I'm sure I was rotten to me dad for the rest of the afternoon, and pouted all the way home.  I know I was tired and cranky.  Now I know that I was missing a piece of the puzzle...the piece that says you aren't supposed to feel like you're exploding two bites into dinner.  A satisfying meal shouldn't leave you wanting to curl up and sleep it off so you don't have to pay attention to each step of digestion.  But then...then I thought I was normal.
My parents were missing the piece of how food made me feel.  They assumed I simply didn't want to sit still long enough to swallow.  They thought I might be concerned about calories (hence the bread, and the bowls of ice cream I consumed under watchful eyes).  They thought it was a teenage rebel thing.  And probably there was some teenage attitude.  I'm certain I was a handful.
But now I know that it wasn't all teenage angst.  I had Celiac Disease.  I have Celiac Disease.  I still hesitate to eat before socializing, it's just an ingrained, learned behavior.  I'm still startled to notice when I don't feel rotten after eating.  I still think "Oh, rats, I just ate!" when the kids or my husband want to go out on the spur of a moment.  There's so much more to food intolerances than we know.  And when they begin early, there's this added dimension of not having a normal baseline to guide symptoms by.

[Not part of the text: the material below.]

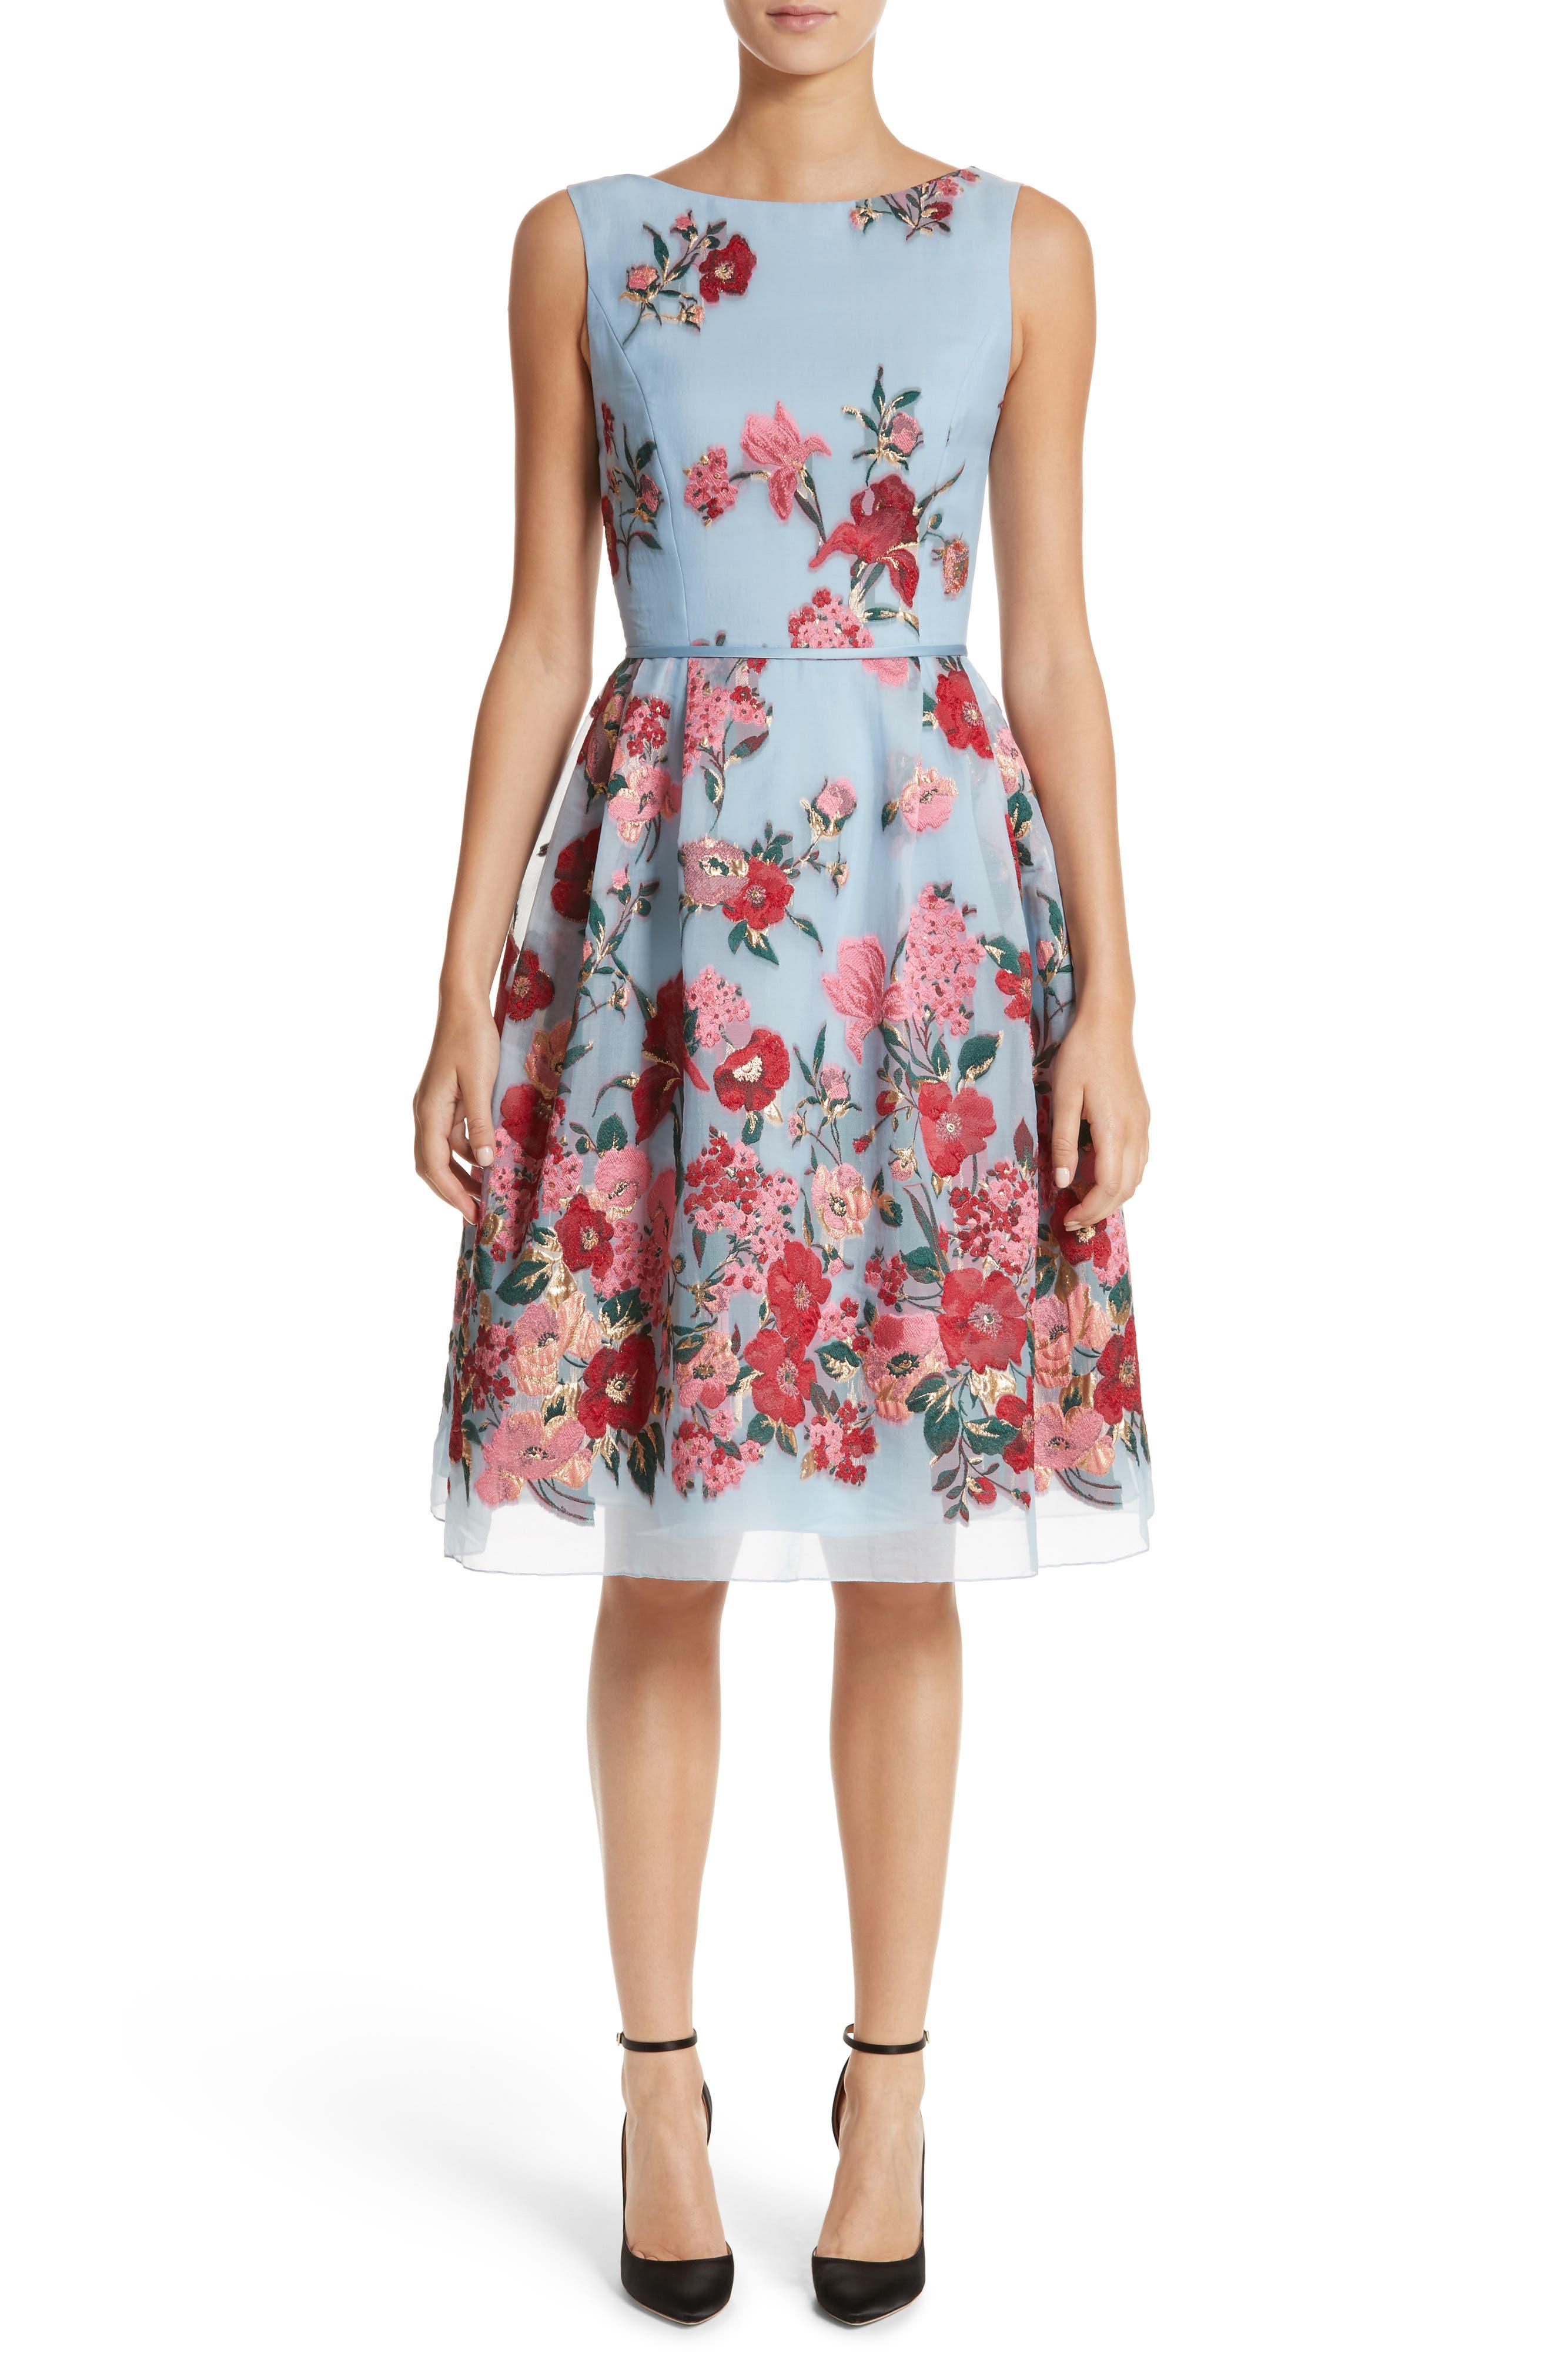 Alternate Image 1 Selected - Carolina Herrera Embroidered Floral Fit & Flare Dress

I found an old diary from when I was 9.  It had all of 5 entries in it.  One read "Got my allergy shots today.  Read a book.  Threw up in kitchen and went to bed early.  Wrote in diary.  Going to sleep."
Hmmm.  Another said I felt sick after dinner and went to bed.  I wish I'd kept a better record of how often those allergy shots made me sick, because that seems like another piece of the puzzle. 

Meanwhile, memories will continue to arise...revealing more of how undiagnosed food intolerances have affected my life and who I am.  And Dad...I'm really sorry I was so rotten to you that day.  I wanted what you wanted, to enjoy the picnic and the company.  We just had different ideas on how to make that happen.